A women’s running club reclaims the night, one step at a time

With evening park and track races, one London-based Muslim collective is building a supportive community that puts safety first

Ruchira Sharma

Muslim women have said that racism and sexual harassment are common hazards when exercising in hijab. Photograph by Jose Martinez Calderon/Getty Images

It’s a breezy Thursday evening in June and a group of women are gathering at a running track in Stratford, east London. Dressed in headscarves, sports gear and trainers, they greet one another and embrace. Then, someone nods and they’re off, racing as one tight unit.

They are all members of ASRA, a running club with a mission to help Muslim women “unlock their inner athlete”

Sahra-Isha Muhammad-Jones established ASRA in 2019. The group’s name derives from a surah in the Qur’an that translates into English as the “Night Journey”. Her aim was to meet like-minded people, create a “community space” for women runners and rediscover her own teenage love of the sport. 

While studying for her A-levels, Muhammad-Jones made a reluctant decision to stop running, in order to concentrate on academic success. During her first year of a comparative literature degree at Queen Mary University, she realised she missed the physical and mental health benefits that regular exercise can provide and began a fruitless search for a free east London-based women’s running club.

Surely, other people were looking for something similar, Muhammad-Jones thought. She took to Twitter and Instagram, asked her followers and waited. 

“I got loads of responses,” she told me. Many of the women who contacted her said that they were hoping to find something more than a group to run with. They wanted a sense of sisterhood. 

A high proportion of respondents told Muhammad-Jones that they were frustrated by the treatment they received when running alone. Racism and sexual harassment were common hazards when exercising in hijab, she heard, and many added that they felt unsafe at night.

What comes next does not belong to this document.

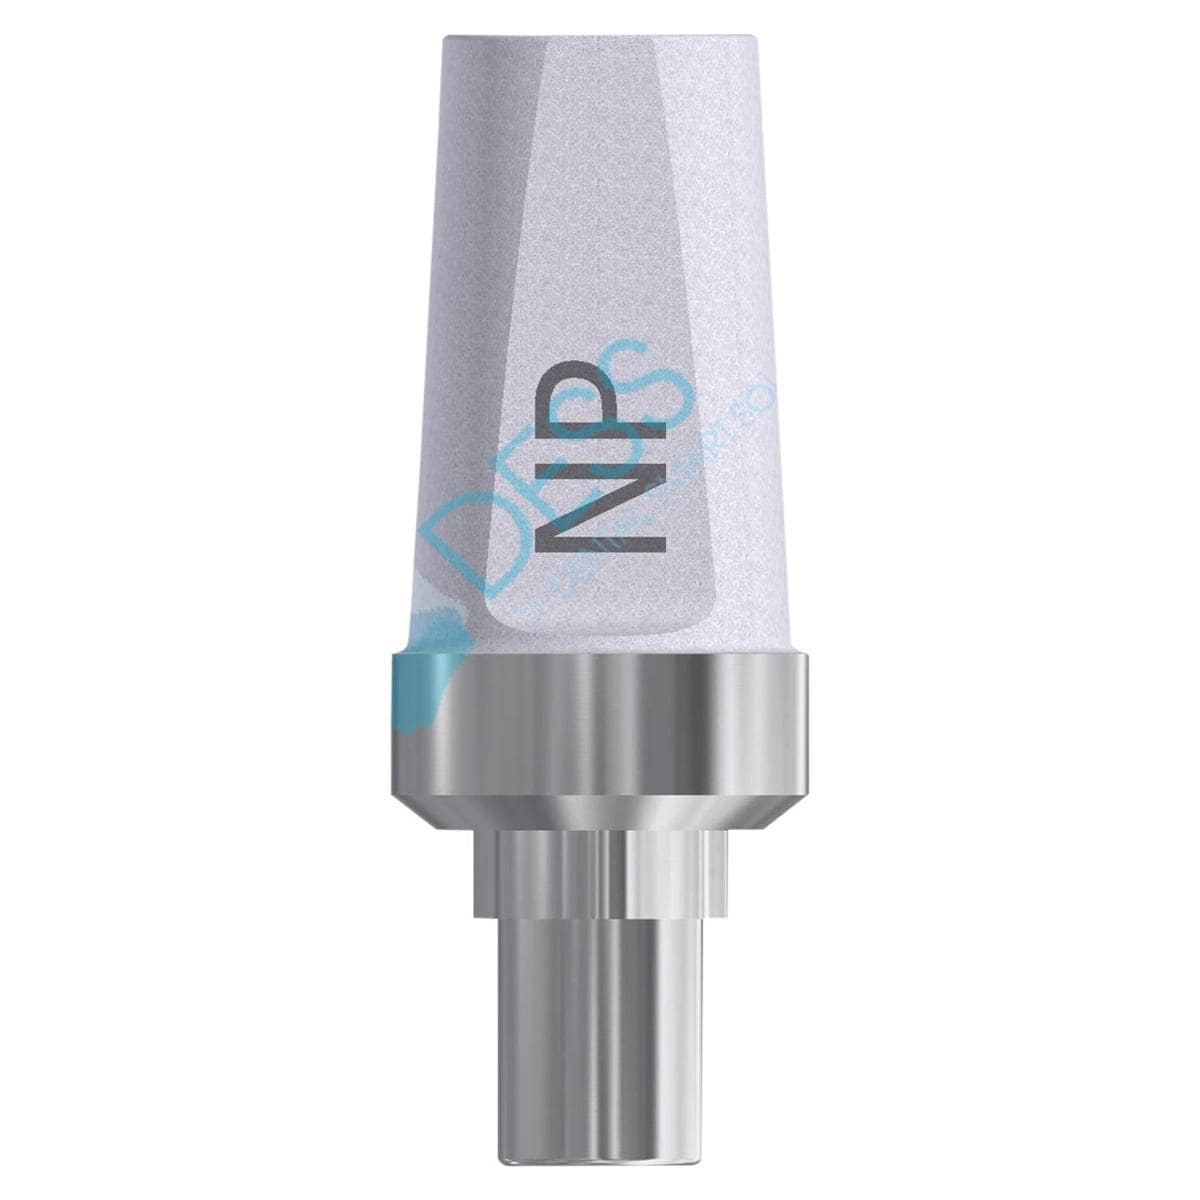 Titanabutment - kompatibel mit Nobel Replace Select™ - NP Ø 3,5 mm, 0° gewinkelt

Harassment directed at women runners is a persistent problem. In October 2020, Running World interviewed around 1,000 women in the UK. More than half of city runners surveyed said that they had personal experience of it, while 27% said they had been followed by someone in a car, on foot or on a bike. 

Access to sport and safe places for Muslim women to exercise have long been poor across the UK

Muslim women face additional hurdles. A 2019 report from Women in Sport found that only 50.7% of Muslim women in England perform at least 150 minutes of moderate activity per week, compared to 72% of women of no religion and 63% of women who describe themselves as Christian. The document cited several reasons, including the fact that a number of governing bodies in the sporting world had banned women from competing while wearing the hijab. 

“Lots of women expressed wanting to just see other Muslim women running and checking in with each other and pushing one another to run further. That’s what I was personally looking for,” Muhammad-Jones said.

In order to maintain privacy, ASRA’s organisers book a track for the sole use of the club’s members in a different area of London every week. Before the Covid-19 pandemic took hold, the group’s running sessions routinely attracted more than 40 people at a time. 

Now, ASRA is offering yoga classes, nutritional talks and weekly park and track runs across London. At the end of the 90-minute sessions, runners walk to public transport together to ensure each other’s safety.

ASRA relies on 10 volunteer organisers, including a funding coordinator and a social media team. As the club has grown, Muhammad-Jones’s role has expanded to brand partnerships, which has allowed her to consult on campaigns to include Muslim women in sport with big organisations such as Sports Direct, Lucozade and the London Marathon.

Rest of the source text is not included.